From 1977 on, several longer periods of enhanced precipitation caused damage to the embankments. During one week in May 1983 for example, the amount of precipitation was so large that in some areas it was equivalent to one third of the annual average, causing great damage in the modified areas.

The surfaces of the acclivities often slid off together with the vegetation. Former valleys, which had been blocked due to re-allocation, were flushed out. In some terraces dramatic shear failures developed. In addition extensive, devastating frost damage occurred; due to the incline of the mountainside at the surfaces of the acclivities, cold air pockets were formed in which the vines in bloom were frostbitten. Additionally substantial frost damage occurred in the woody part of the vines, especially in the vineyards which were situated in lower regions. In earlier times fruit had mostly been grown here but later this was changed to vineyards.

The activity of the farmland consolidation authority was narrowed to repairing and partly to rescheduling which at least was meant to correct the most severe consequences of the transformations from 1982 on.

== Transport links ==
The Kaiserstuhl area is served by the A 5 motorway. Major local roads are the L 113 that links the A5, the north side of the area and the French border; and the B 31 which connects the southside of the area with the French border, A 5 and Freiburg i.B.
The area is also served by Breisgau S-Bahn.
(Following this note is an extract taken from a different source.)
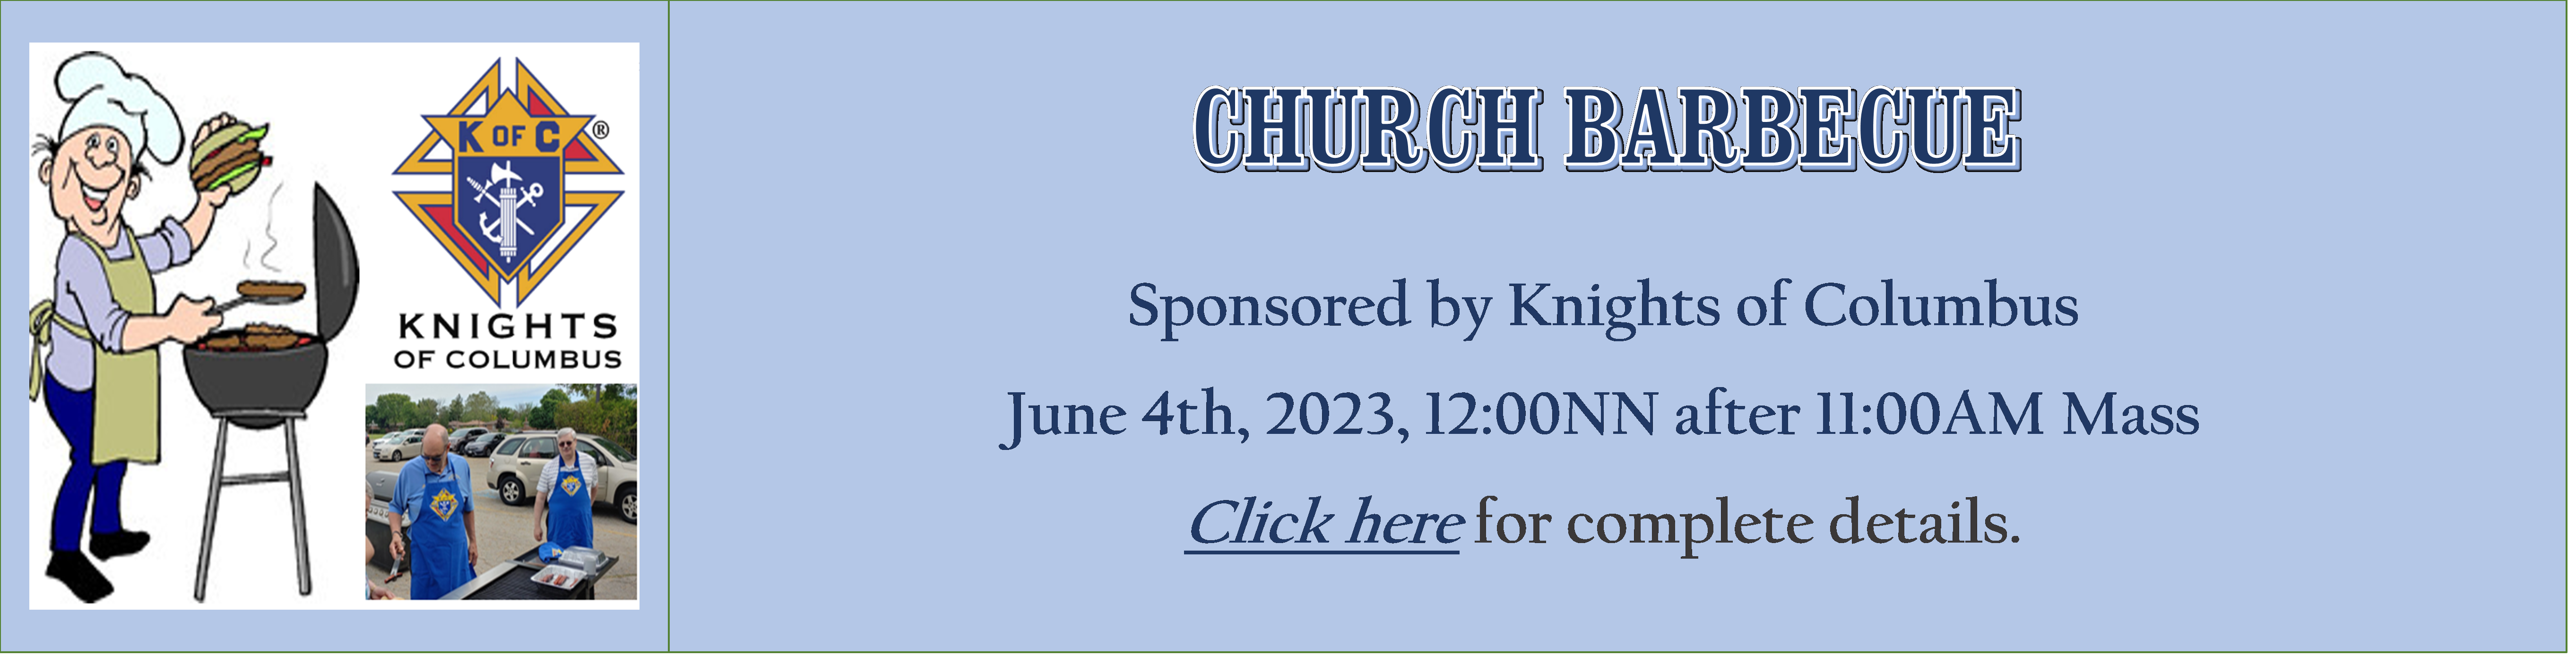 Church Barbecue 2023
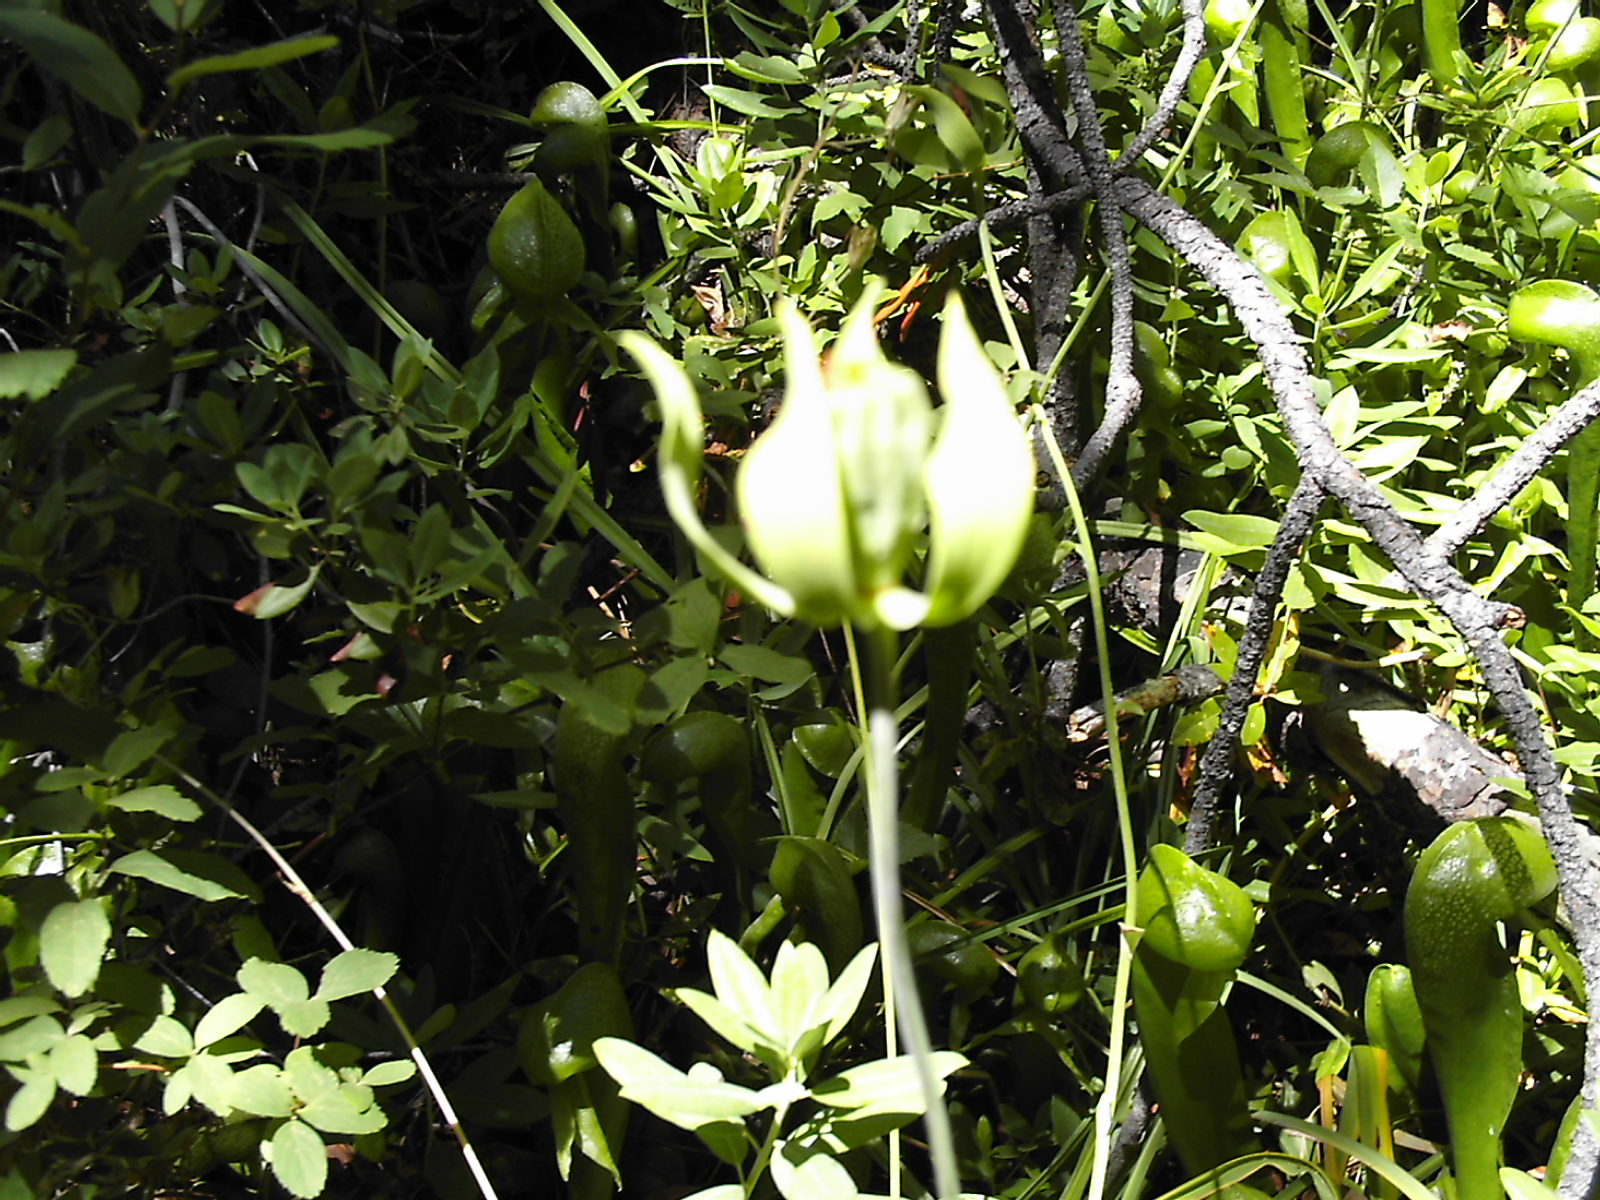 Darlingtonia flower

The Kaiserstuhl Railway runs past the range to the east, north and west, whilst the Breisach Railway passes it to the south.

== Hiking ==
There are many opportunities for hiking in the Kaiserstuhl. The best known trail is the North-South Trail (check mark: blue rhomb on yellow background) from Endingen across the Katharinenberg and the Totenkopf and the Neunlinden viewing point to Ihringen. From the trail there are panoramic views over the Black Forest, the Upper Rhine Valley and the Vosges.

In 2007, eight trails were opened, each with a special theme. They have a total length of 140 km and were integrated into the existing trail network (check mark: yellow rhomb on white background) of the Black Forest Club. In doing so, the network was provided with 430 new signposts. Large information boards with an overview map and site information are placed at central points, for example in railway stations, which the trails link to, or through built up areas. Every trail is distinguished by its own colour and the names have a corresponding symbol displayed on entranceways and signposts. A further 120 smaller themed paths illuminate local attractions along the way. Local paths such as the Brunnenpfad (7 km) in Bötzingen were integrated into the new network of themed paths.
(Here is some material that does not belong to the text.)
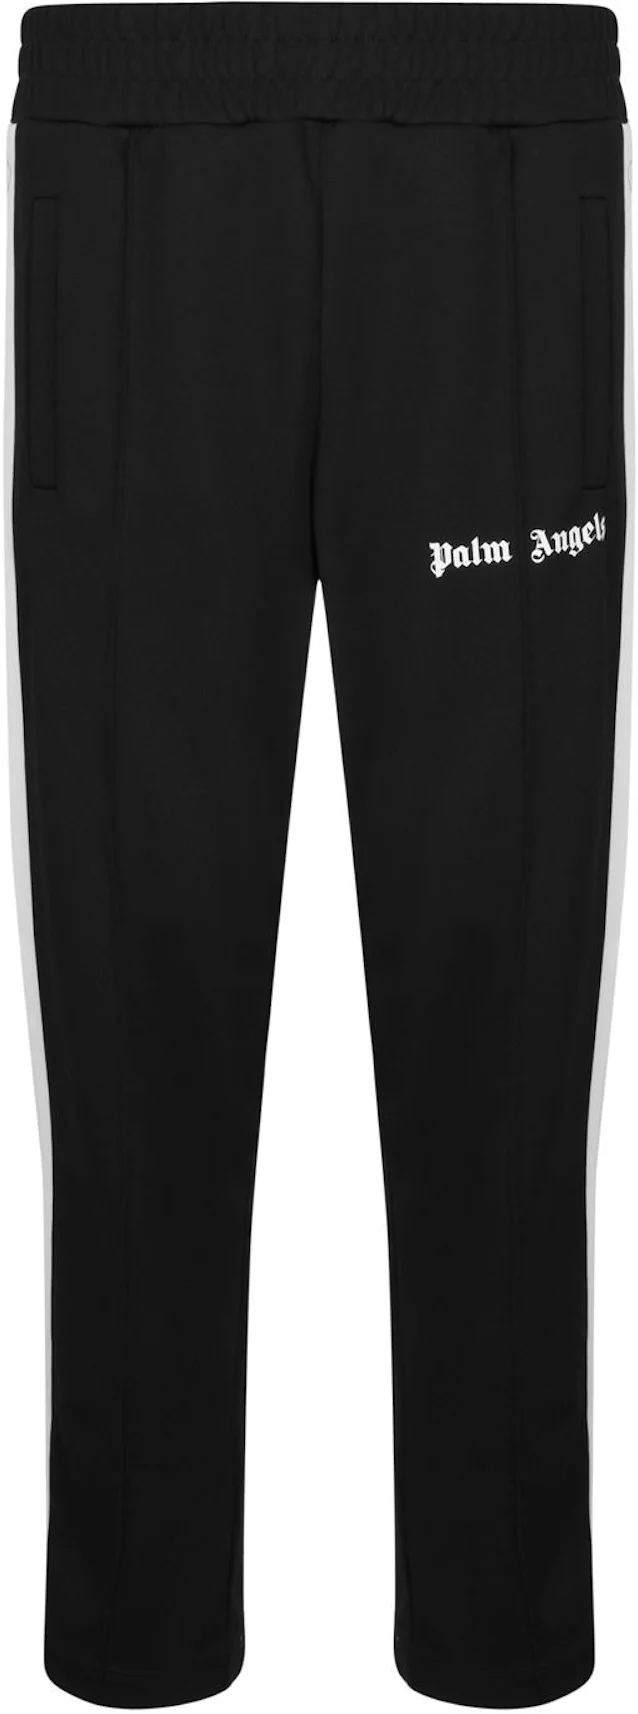 Palm Angels Palm Angels Classic Tracksuit Pants Black/white

- Neunlindenpfad (North-south trail): Ihringen-Endingen, 16,8 km.
- Steinkauzpfad: Wasenweiler-Riegel, 17,9 km.
- Wiedehopfpfad: Breisach-Sachbach/Limberg, 31,5 km.
- Knabenkrautpfad: Breisach-Bötzingen, 21,5 km.
- Kirschbaumpfad: Sasbach-Riegel, 18,4 km.
- Katharinenpfad: Vogtsburg-Oberrotweil-Bahlingen, 12,6 km.
- Badbergpfad: Vogtsburg-Oberrotweil-Nimburg, 14,9 km.
- Bienenfresserpfad: Ihringen-Königschaffhausen, 16,1 km.
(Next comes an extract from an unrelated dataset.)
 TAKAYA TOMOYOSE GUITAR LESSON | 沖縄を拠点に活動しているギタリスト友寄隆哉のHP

In 2010, the Kaiserstuhlpfad was added to the eight theme trails. This trail was given a special status as a "Quality Trail of Wonderful Germany" (Qualitätswanderweg Wunderbares Deutschland). The trail, which has a length of 21.7 km, was adapted to the Neunlindenpfad (North-South Trail) and leads from Endingen through the Ehrle Valley to St. Catherine's Chapel (Katharinenkapelle), across the Badberge hills to the Eichelspitz Tower, onward across the Vogelsang Pass to the Neunlinden Tower, through the Eichgasse to Bickensohl and across the Kreuzbuck through the Lenzengasse to Ihringen.